In a land ruled by a murderous boy-king, each dawn brings heartache to a new family. Khalid, the eighteen-year-old Caliph of Khorasan, is a monster. Each night he takes a new bride only to have a silk cord wrapped around her throat come morning. When sixteen-year-old Shahrzad’s dearest friend falls victim to Khalid, Shahrzad vows vengeance and volunteers to be his next bride. Shahrzad is determined not only to stay alive, but to end the caliph’s reign of terror once and for all.

Night after night, Shahrzad beguiles Khalid, weaving stories that enchant, ensuring her survival, though she knows each dawn could be her last. But something she never expected begins to happen: Khalid is nothing like what she’d imagined him to be. This monster is a boy with a tormented heart. Incredibly, Shahrzad finds herself falling in love. How is this possible? It’s an unforgivable betrayal. Still, Shahrzad has come to understand all is not as it seems in this palace of marble and stone. She resolves to uncover whatever secrets lurk and, despite her love, be ready to take Khalid’s life as retribution for the many lives he’s stolen. Can their love survive this world of stories and secrets?

Inspired by A Thousand and One Nights, The Wrath and the Dawn is a sumptuous and enthralling read from beginning to end.

Beware spoilers ahead!

It’s official I am not a romance fan. Well at least not the romance that was portrayed in this book. When I first heard about this book I had no interest in reading it. Then about a month back I downloaded the sample from iBooks to see why everyone seemed to love this book. The sample peeked my interest so I decided to get this from my local library.

The book starts off with a prologue in which readers discover that Khalid is cursed. He is not killing all these girls off his freewill. Readers are then taken to Shahrzad’s point of view in which we discover that she has volunteered herself as Khalid’s next bride. She has done so in order to kill him so that no other girls will be murdered by him.

While she is getting ready to meet Khalid her father comes to visit her. She explains him that he and her sister should leave town soon. And that she will survive and kill Khalid. Her father tearfully leaves. She is then taken to meet her monster husband.

We are then taken to Tariq’s point of view. Tariq is Shahrzad’s ex-fiance and the cousin of Shiva who was Shahrzad’s best friend. Shiva was one of Khalid’s many wives and was murdered by him. Tariq and his friend make their way to his home. Upon arriving home Tariq is told by his parents that Shazi (her nickname) has volunteered herself as Khalid’s bride. His family are distraught and his father urges Tariq to move on. Tariq and his friend decide to find a way to save Shazi.

We are then taken to Shazi’s sister Irsa point of view. Irsa is not happy that her sister volunteered herself as Khalid’s bride. She is partly angry at her sister and upset. Her father then comes out carrying a book with him. Irsa tries to ask her father what is so special about this particular book. He does not respond.

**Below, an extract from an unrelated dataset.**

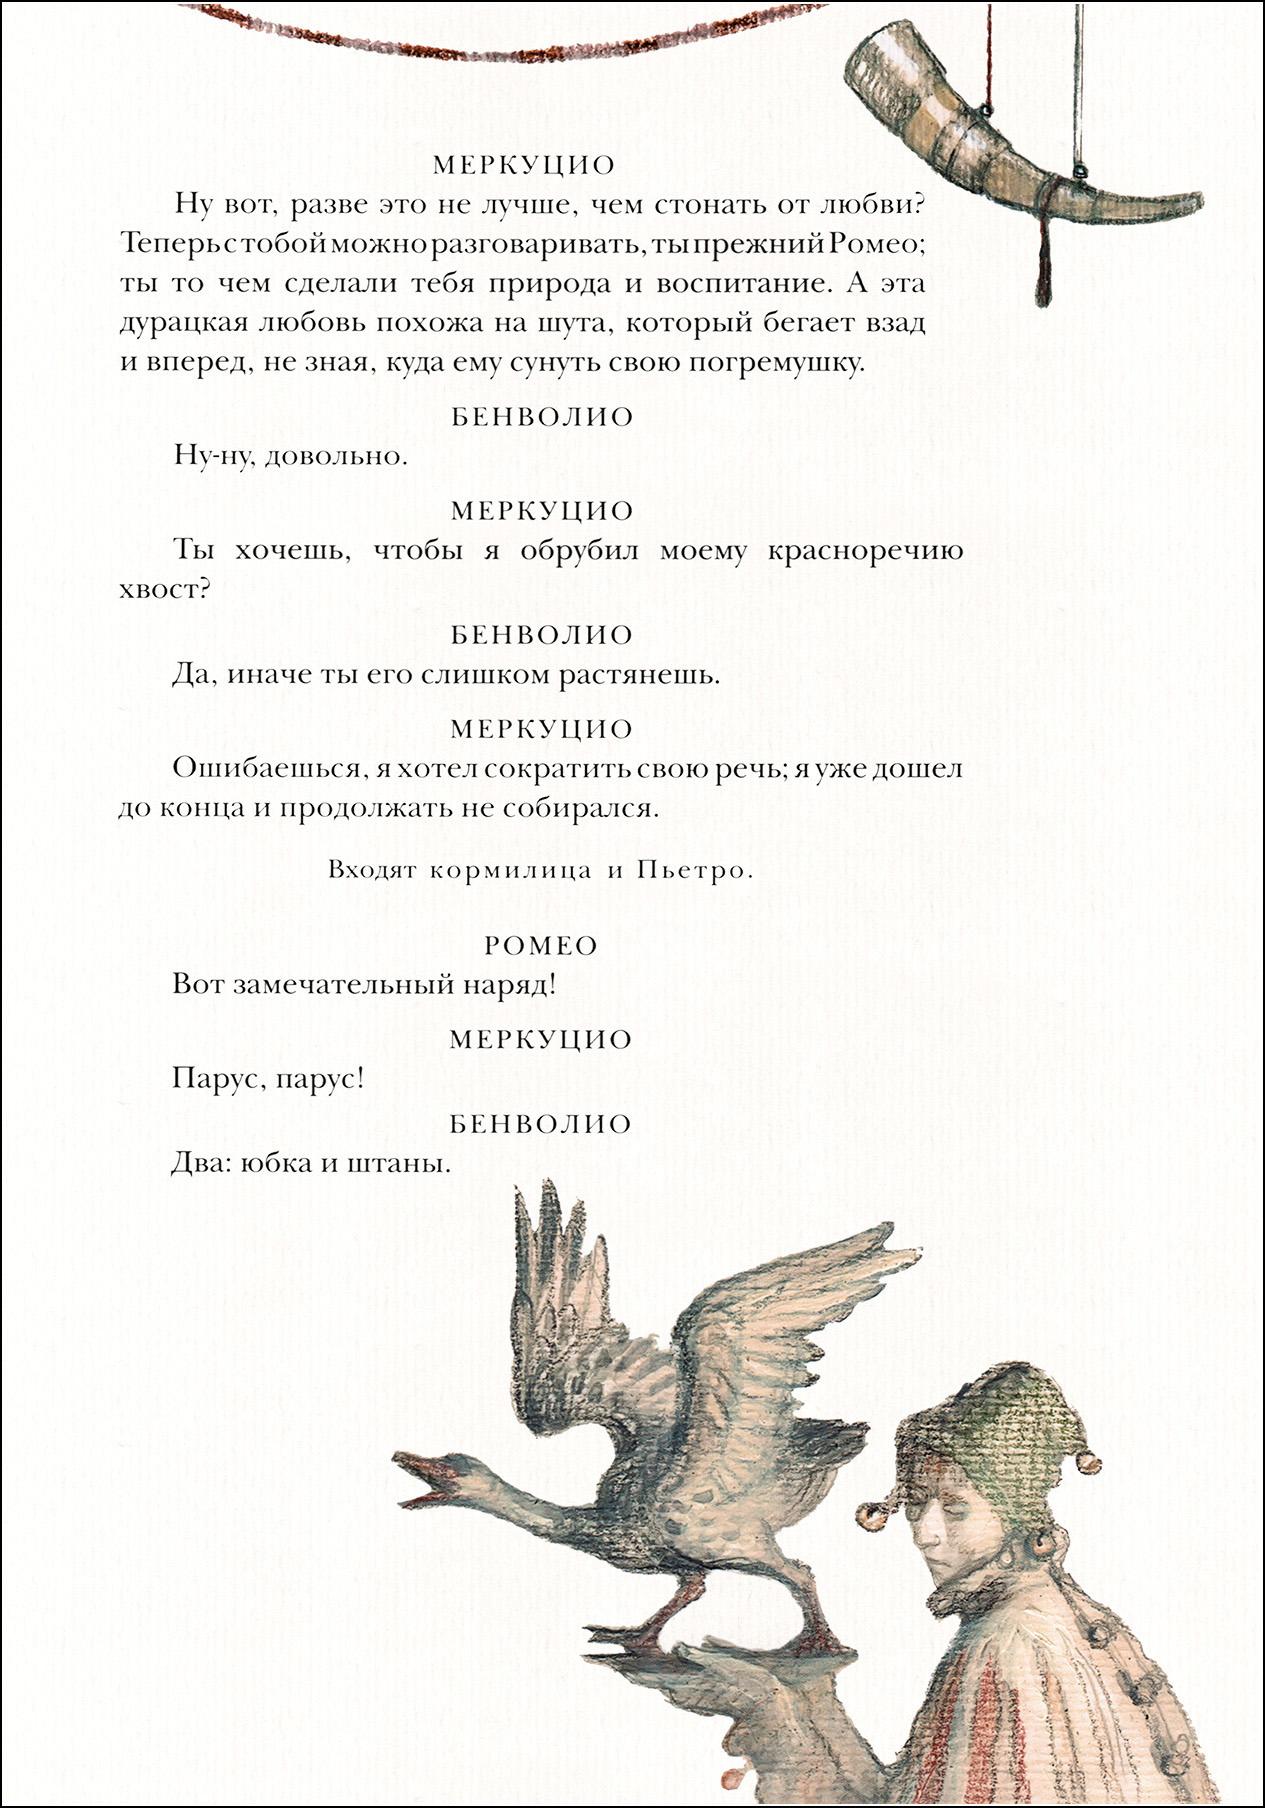 А. Семенова, Ромео и Джульетта

Just like the original version Shavi tells a story to Khalid at night. She only tells part of the story in one night and then in the next next she will continue the story. Giving her time to devise a plan to kill him and thus insuring her survival. The stories in this book however are boring. They are not as interesting as the original one’s. I’m surprised that Khalid even enjoyed them.

I honestly didn’t understand the romance. I found it to be bland. While yes Khalid was cursed he was not entirely bad I didn’t necessarily like him. He acted as if he owned Shazi (which Shazi does point out to him) and has quiet the temper. Not really sure how that was appealing. But I suppose everyone is flawed. Also I think part of the reason I couldn’t really wrap my head around the romance is because she does end up falling for her best friends killer. I know that he doesn’t do it on purpose but it still bothered me.

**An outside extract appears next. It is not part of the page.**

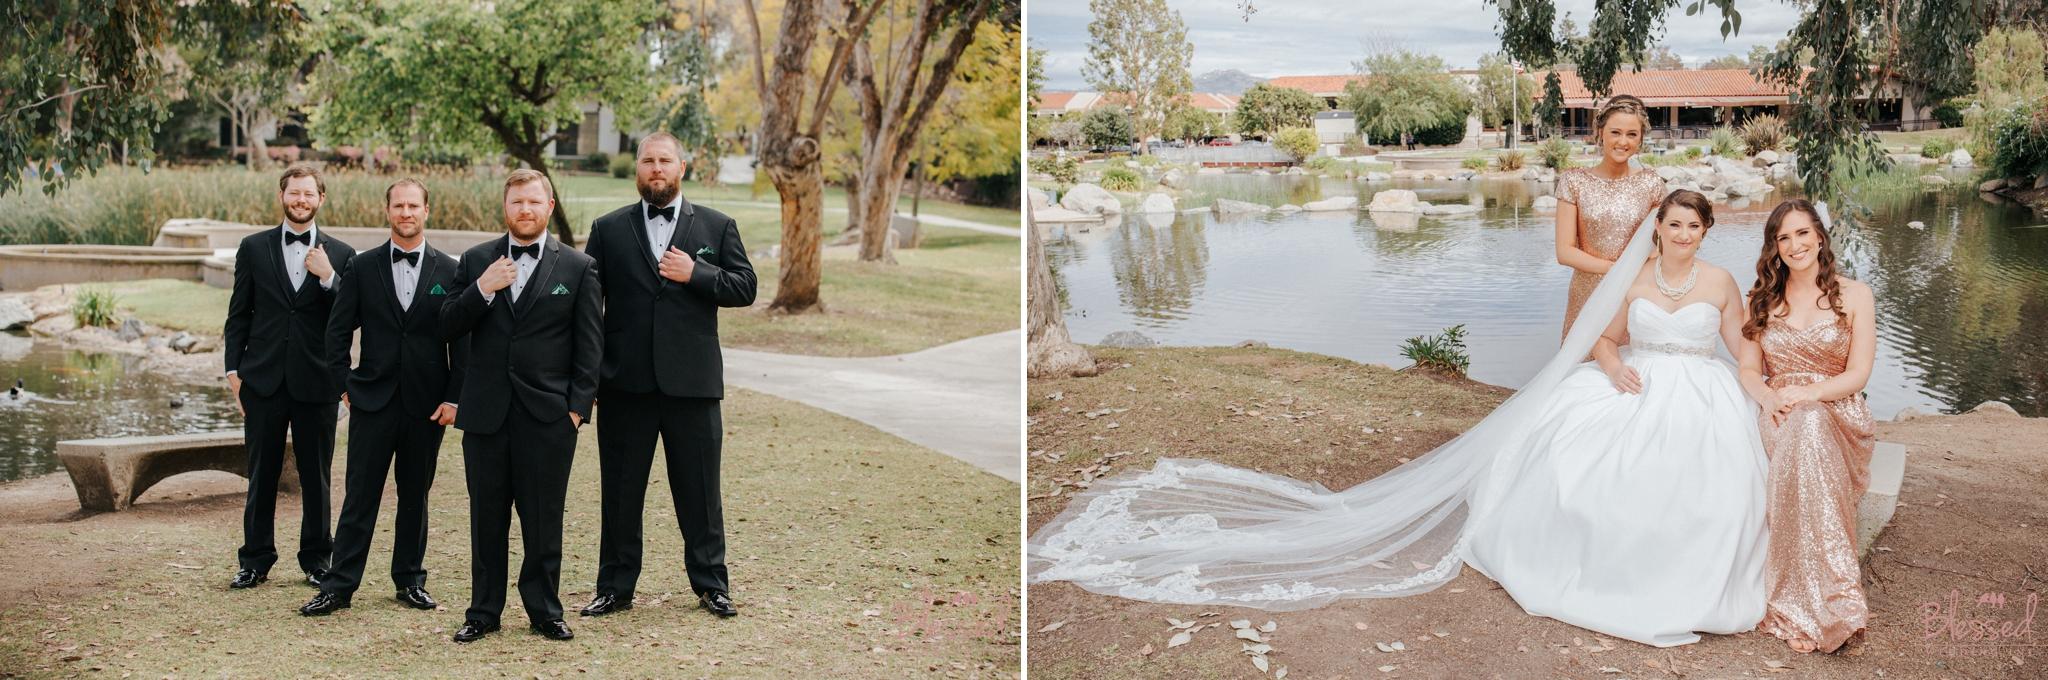 Orfila Vinery Wedding by Blessed Wedding Photography 27.jpg

Shazi was loved by everyone around her. Everyone went on about how pretty she is and how smart she is. I will admit that yes I found her to be intelligent. She was also sharp tongued which was amusing to read about. I didn’t like how impulsive she was in certain situations. I liked how she was honest and wasn’t afraid to say what she had on her mind. These qualities were admirable. I probably would’ve loved these qualities if the characters didn’t keep going on about them.

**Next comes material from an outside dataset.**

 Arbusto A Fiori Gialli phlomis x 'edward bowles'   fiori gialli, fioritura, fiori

Once the curse was revealed I found it very stupid. It was underwhelming. The romance happens fairly quickly. I thought that it would take longer to develop. Tariq was stupid and arrogant. Caliph in this book is defined as a king. But in actuality Caliph is an Islamic leader. Not just some king. And there weren’t any Muslims in this book to speak off.

I liked the interactions with Despina and Shazi! It was nice to see that she made a friend in the palace. The writing was amazing! The writing gained an extra star. Aside from that the book felt bland. I will not be reading the sequel.

Overall this was an okay book. I think this was a case of ‘It’s not you but me’. I would recommend it to fans of villain romances.